Your objective:
The data below should be restated word for word, pictures omitted.

Data excerpt:
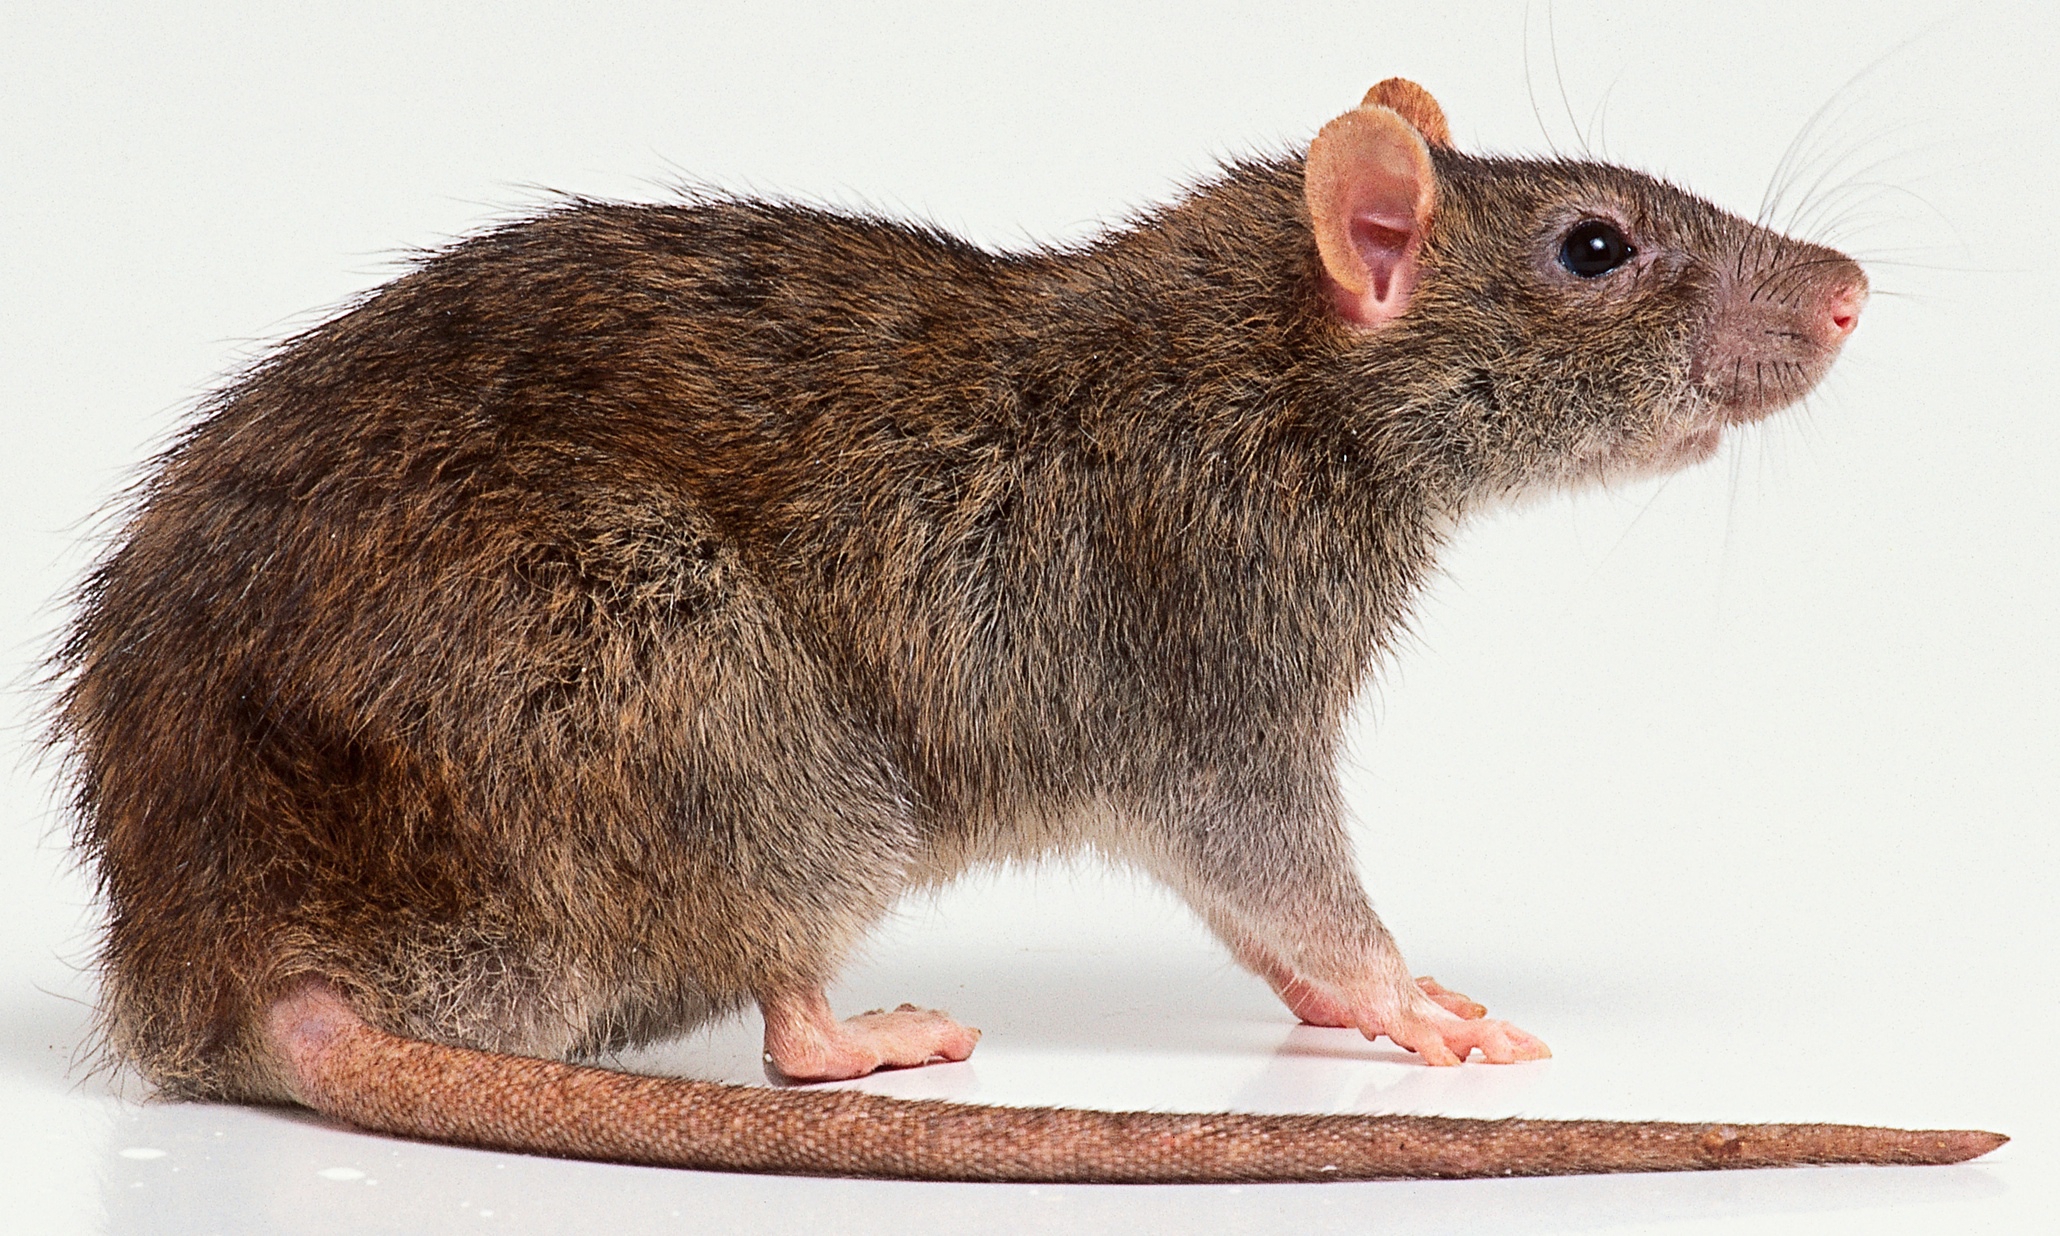 Rat Wallpapers Images Photos Pictures Backgrounds
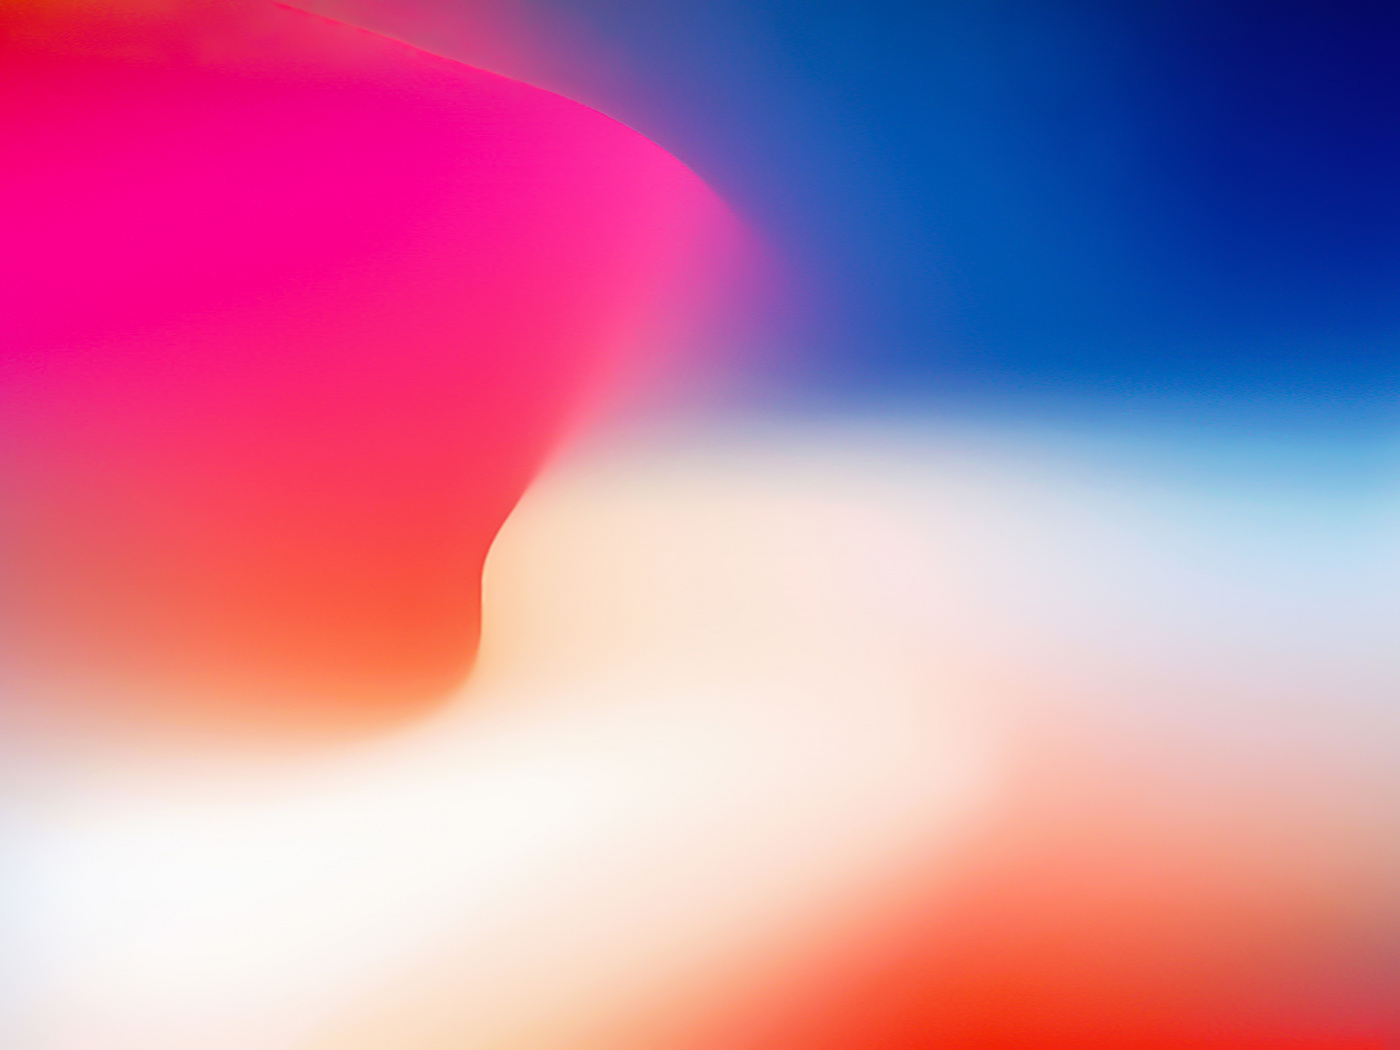 Iphone X, Stock, Colorful Gradient, Abstract, Wallpaper - Iphone X No Notch - HD Wallpaper 
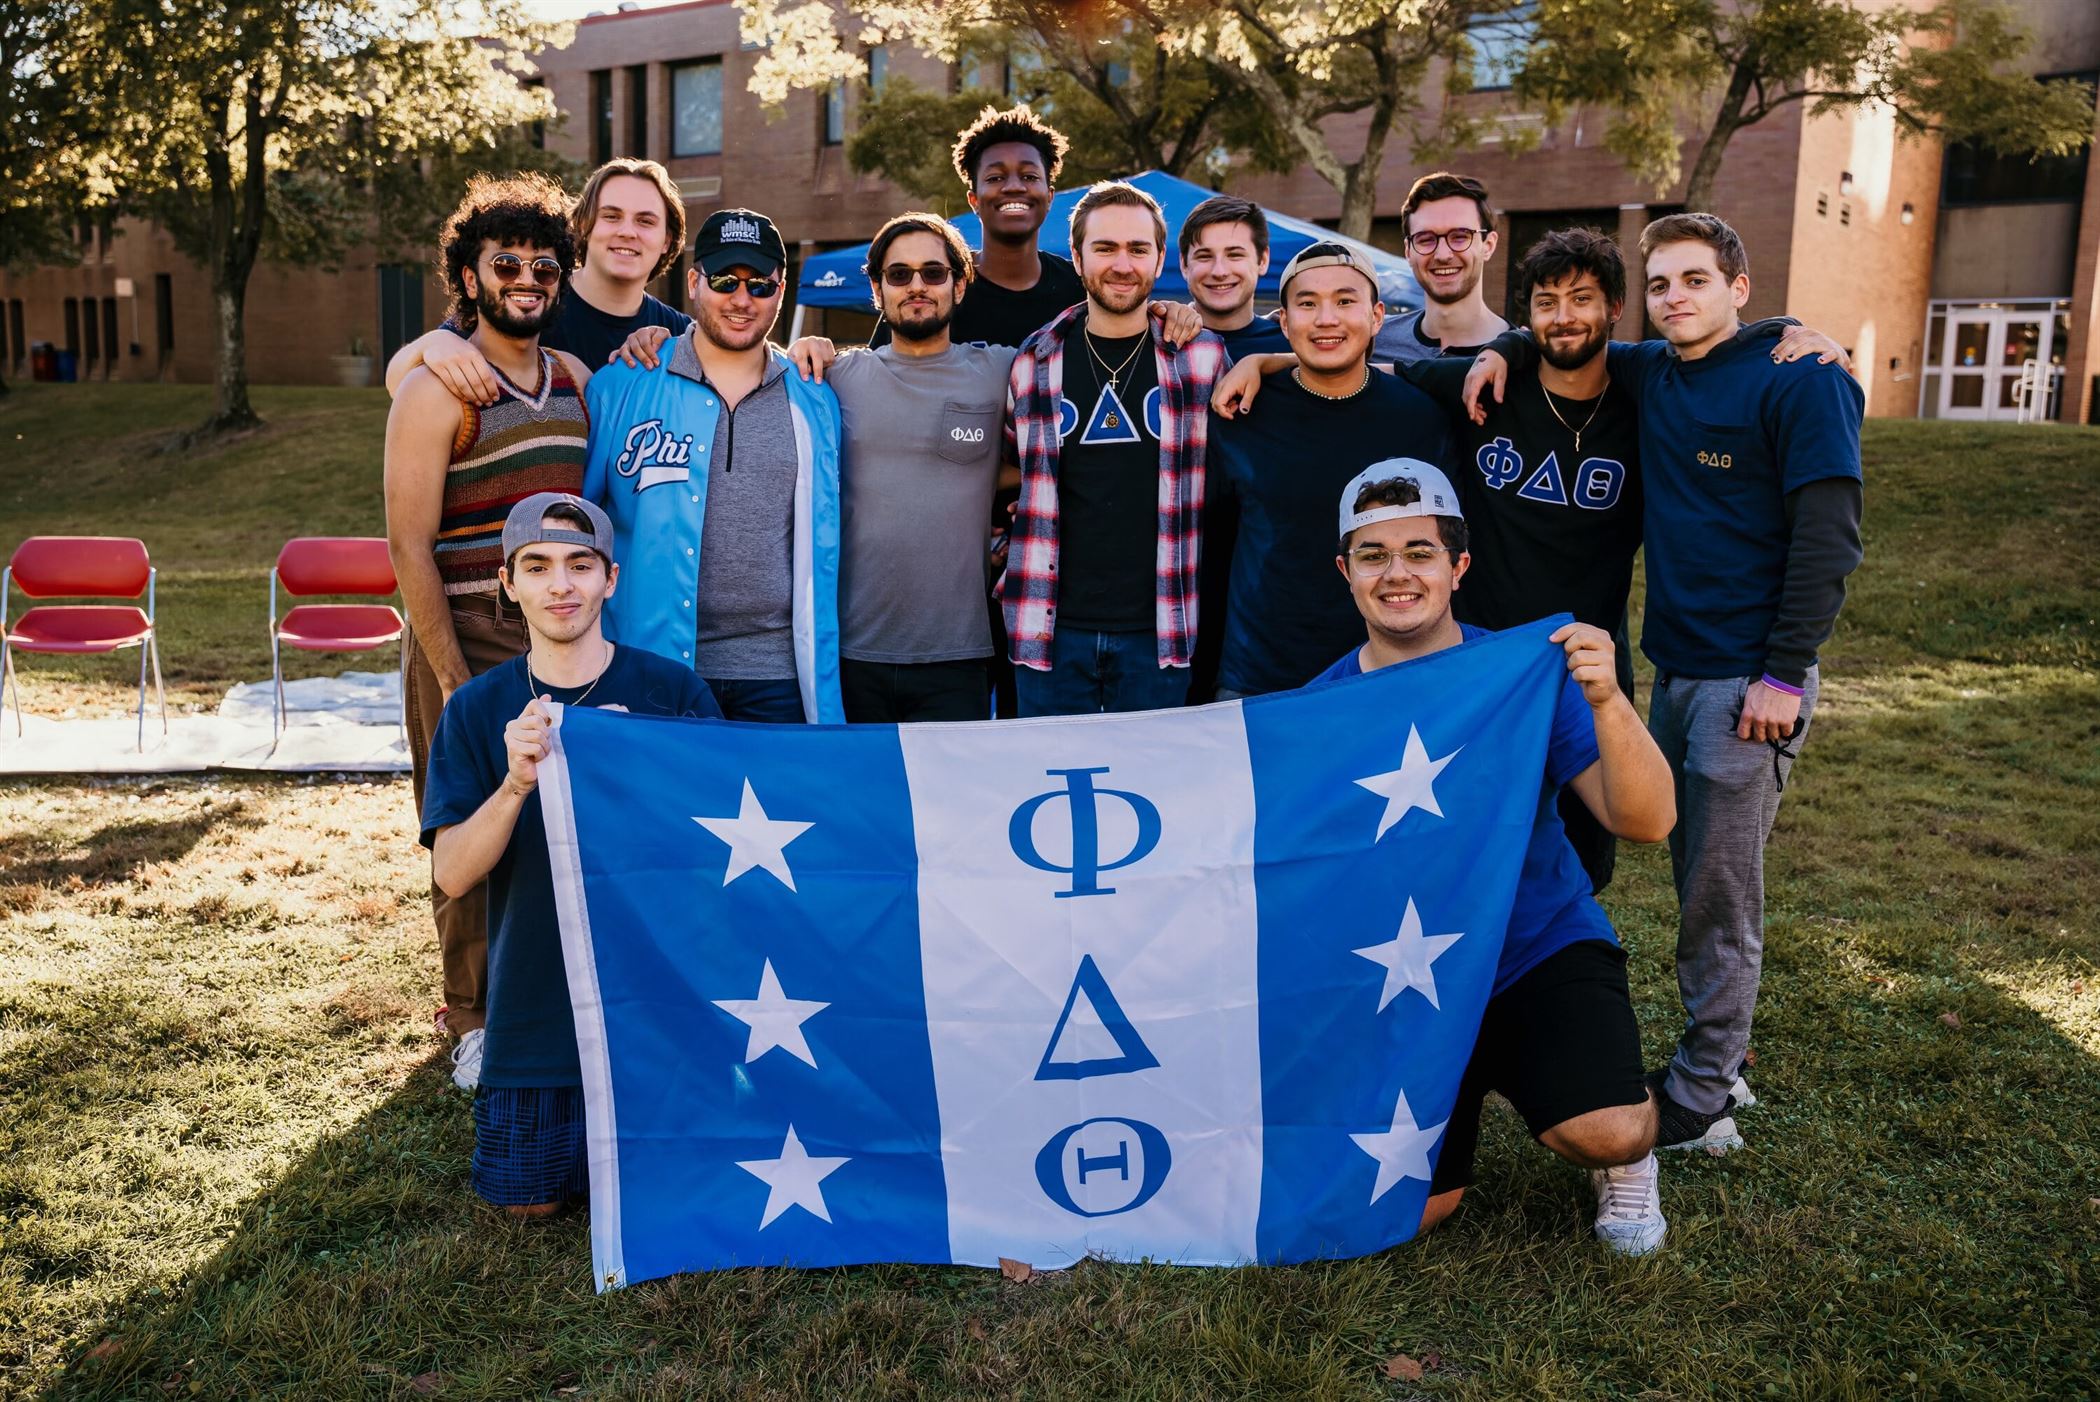 Members of Phi Delta Theta have faced many challenges as they tried to start their fraternity throughout the pandemic. Photo courtesy of Ryan Breyta

Result of this task:
 Rat Wallpapers Images Photos Pictures Backgrounds
 Iphone X, Stock, Colorful Gradient, Abstract, Wallpaper - Iphone X No Notch - HD Wallpaper 
 Members of Phi Delta Theta have faced many challenges as they tried to start their fraternity throughout the pandemic. Photo courtesy of Ryan Breyta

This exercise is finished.